Светлый фон
эстетической

Но было бы неверно делать из этого вывод, что операция де Мана в конечном счете оказывается традиционалистской и успокоительной; дело в том, что есть еще один элемент головоломки, а именно неожиданное вторжение того, что Джеффри Голт Харфем назвал «эстетическим императивом»[224]. Мы и в самом деле могли не раз заметить, как де Ман использует такие термины, как «искушение» и «соблазнение», особенно, но не исключительно в связи с имеющимися возможностями интерпретации; и теперь пришла пора сказать, что это не просто стилистические привычки, что такие выражения соответствуют более фундаментальной черте как его философского взгляда на язык, так и его эстетики. Это также пункт, в котором, как можно понять, его творчество неслучайным образом пересекается с современной дискуссией о модернизме и постмодернизме, хотя вряд ли он одобрил бы эти термины, особенно в том смысле периодизации, в котором я намереваюсь использовать их. Если провести линию фронта между теми, кто стремится установить глубинную преемственность между романтизмом и модернизмом, и теми, кто нацелен на акцентирование радикального разрыва между ними, де Ман, конечно, принадлежал первому лагерю, хотя радикальное отличие отдельного текста (или, скорее, отдельного автора, поскольку де Ман верен теории автора как «auteur» даже тогда, когда проблематизирует авторство как таковое) способствует дискредитации этих масштабных понятий.
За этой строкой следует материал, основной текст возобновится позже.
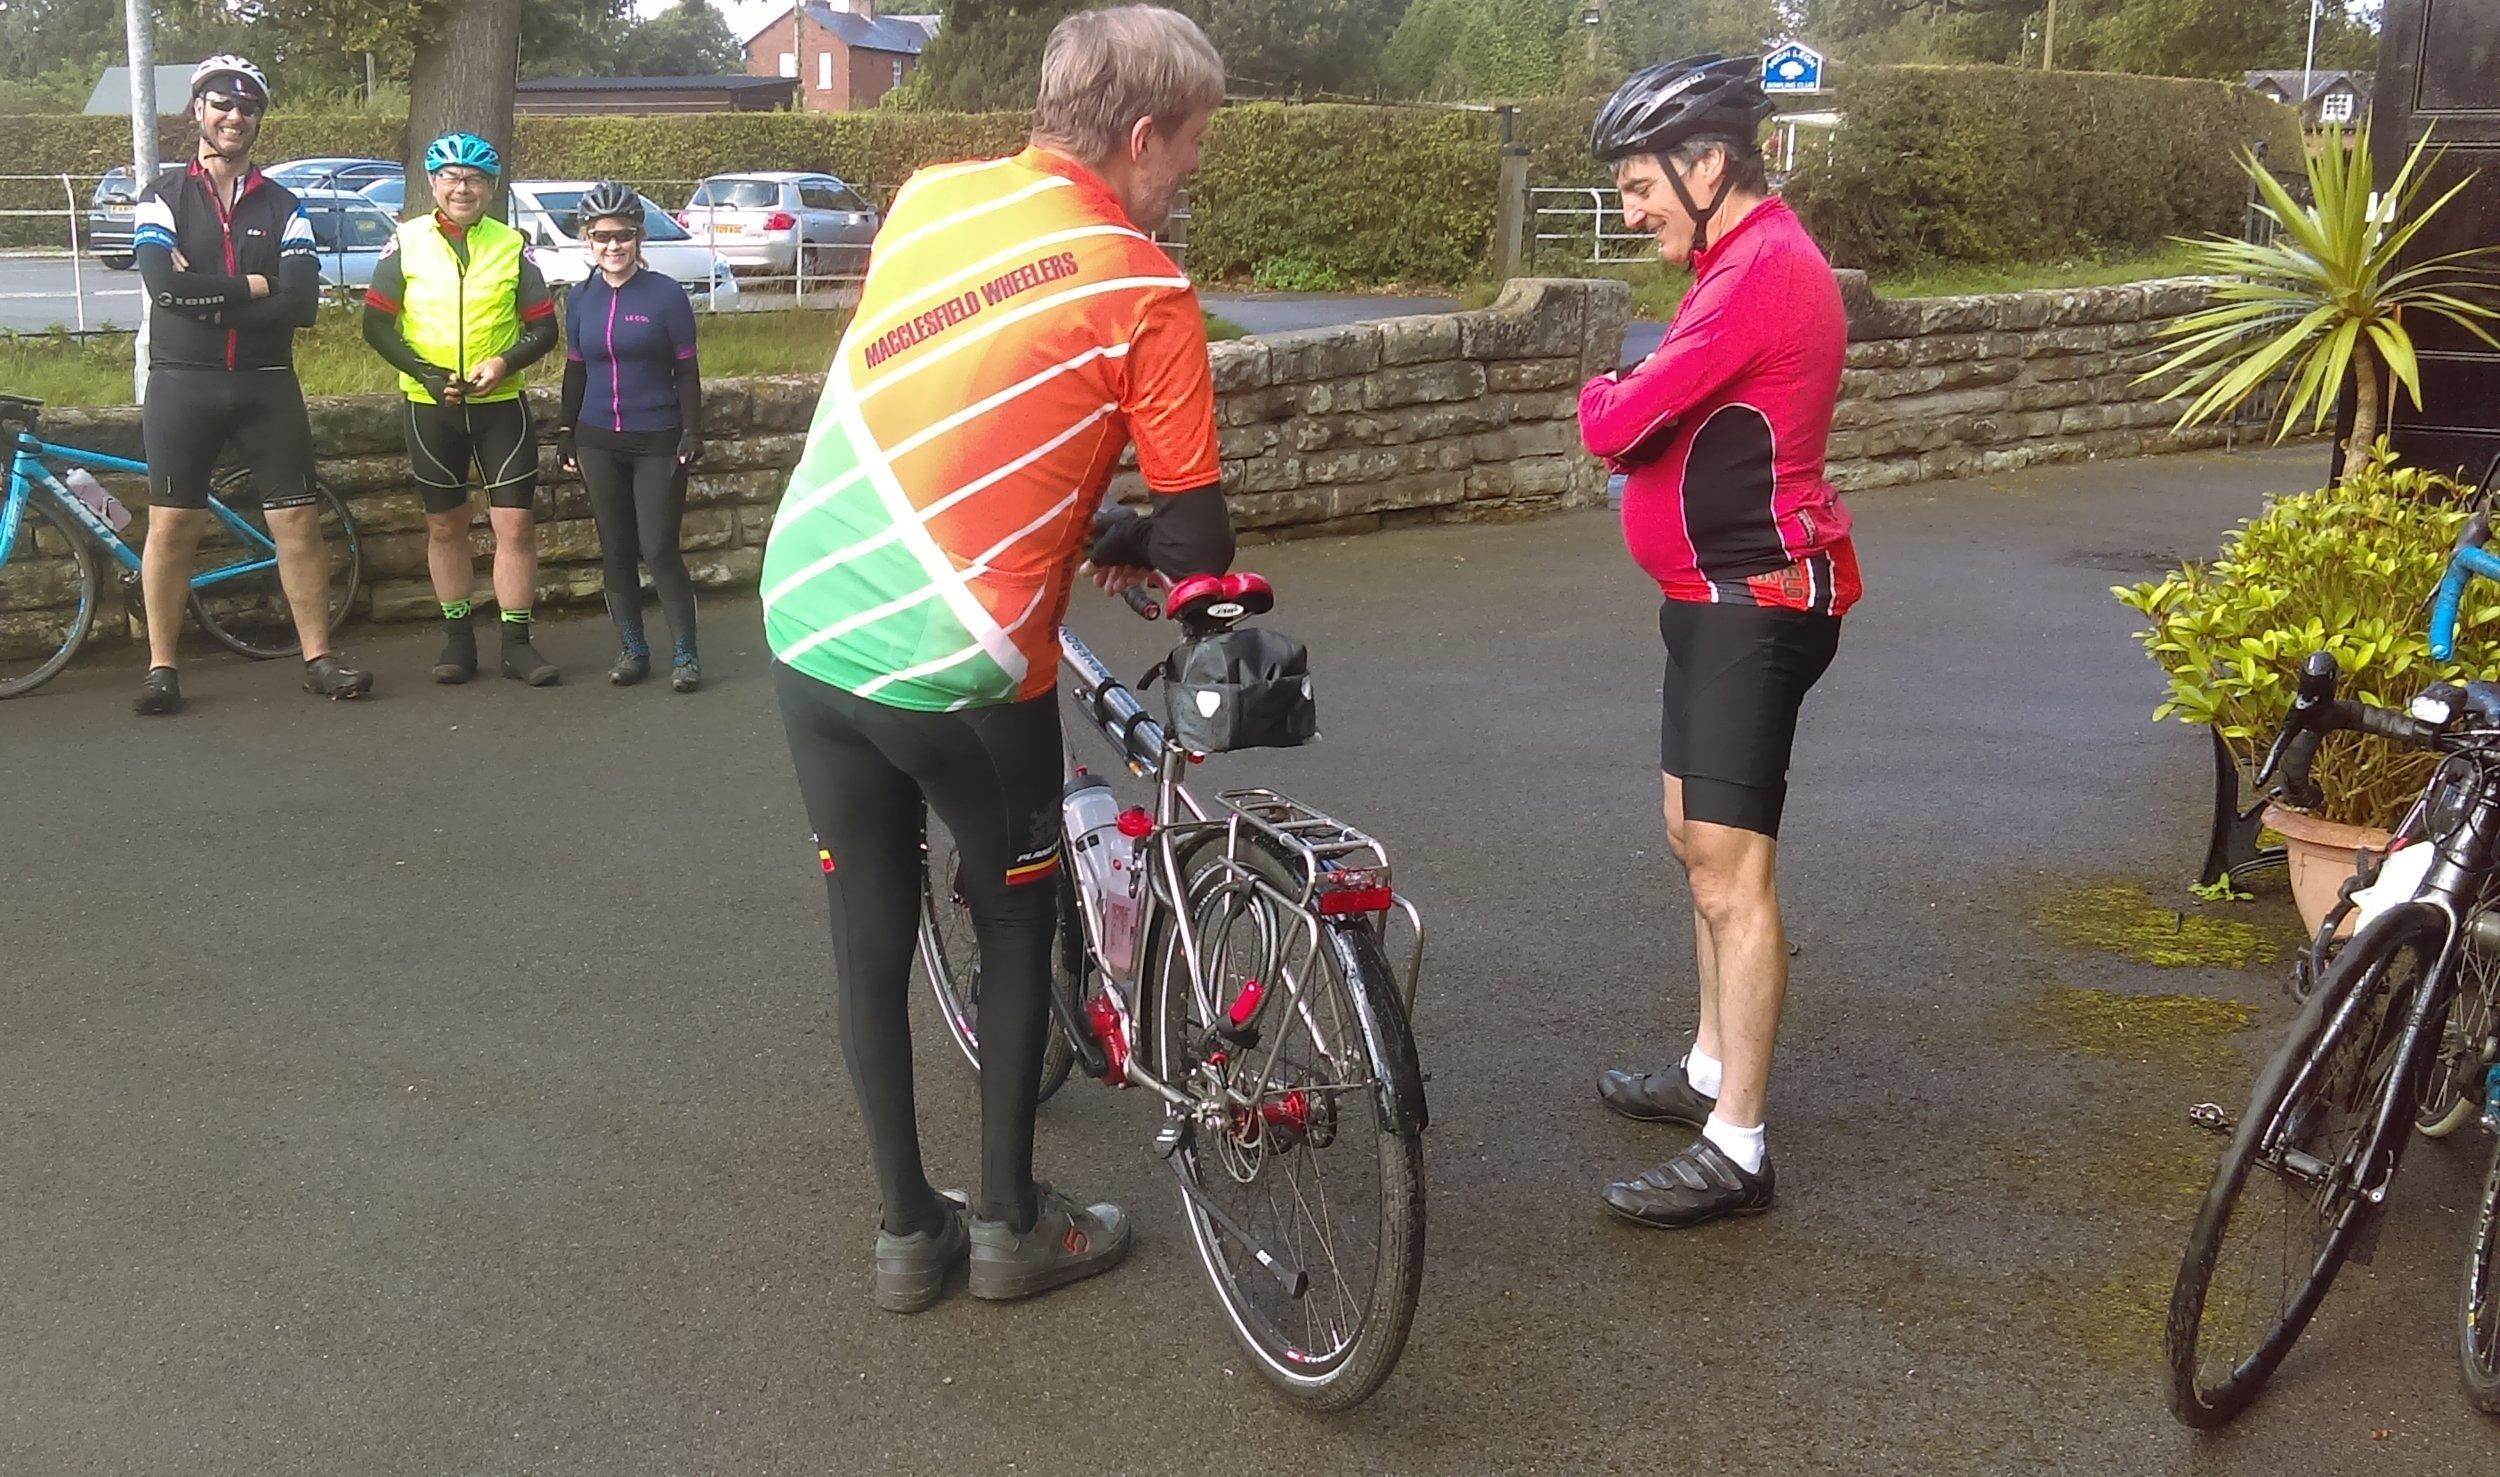 Spencer, Mark and Kirsten posing in height order whilst John admires Simon's new bike.

Однако романтическая поэзия в каком-то смысле словно бы осталась ближе к источникам подозрения, которое Руссо питал к языку (в избирательном родстве с теоретиками де Ман, как хорошо известно, после Ницше ближе всего к Фридриху Шлегелю), соответственно, сила языка авторов-модернистов порождает большее богатство лжи и обманов, соблазнений, так что представляется вполне логичным то, что самая масштабная деконструкция поэтического языка, осуществленная де Маном, должна проводиться на примере Рильке. Тогда деконструкция соблазнительности поэтического языка оказывается в этом случае заодно с деконструкцией самого «модернизма».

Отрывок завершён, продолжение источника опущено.